Well... It was a choice. The book had some funny parts. Humorous quips that genuinely made me laugh out loud, but a majority of the time it was whiny, hard to get through, and kind of pointless? It seemed like some of the content was just filler? Like it didn’t contribute to backstory or the plot at all. And the ending was atrocious.

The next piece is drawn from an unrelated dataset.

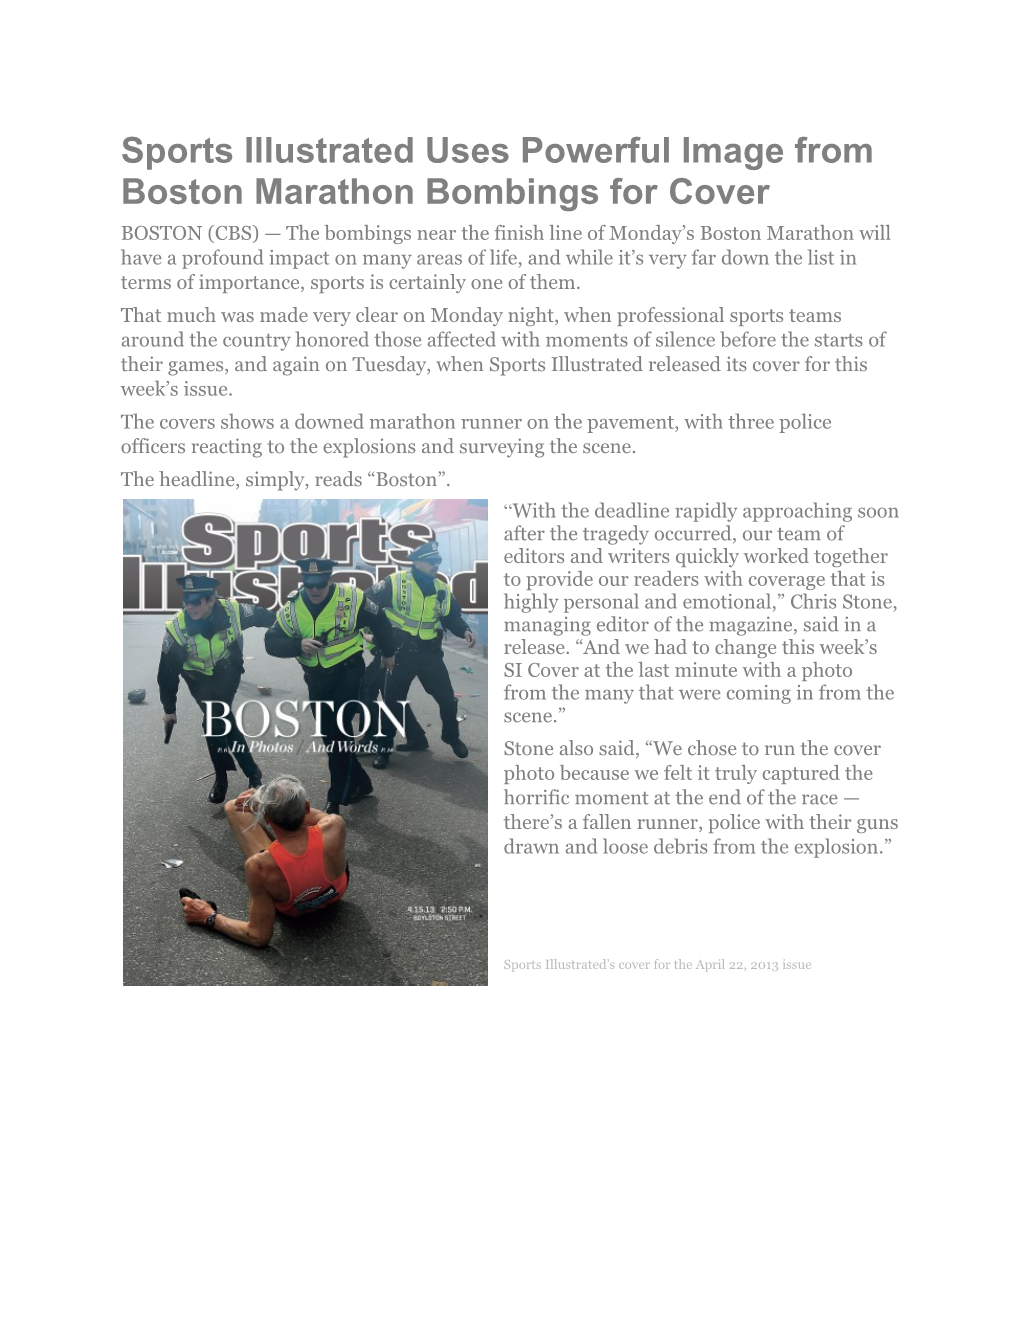 Sports Illustrated Uses Powerful Image from Boston Marathon Bombings for Cover

Ok i know i said I'll finish yesterday, but i had homework (despite my school starts on Monday). I didn't have a lot of expectations on this book and it surprised me in good ways: it touches subjects that sometimes as a girl you have prejudice against or we refuse to discuss (like masturbation). I enjoyed this one, i even consider it a 3.5 book
This is another book I read at my restaurant. I'd like to think I'm able to distinguish between chick lit that is also relatively good "reg lit," and the chick lit that's the epitome of the whole genre. This is just plain chick lit. Although I was entertained during several late nights when the bar was slow, and finished recovering from the intensity of "The Kindness of Strangers," I don't really have much to recommend. Bloom's protagonist does this weird internal dialogue in a different typeface than the rest of the novel, which I HATE aesthetically, and find sloppy in the literary sense as well, and then there's the total prudish approach to sex. At least in romance novels they don't beat around the bush (hah--n.p.i.). Finally, her attempts to make the heroine sympathetic sometimes just fall flat. Like a particularly weird scene involving a Lilith Fair-and-ectasy-induced epiphany. Lilith Fair, whatev. It's chick lit. Ecstasy? Really?? Weirddddddd.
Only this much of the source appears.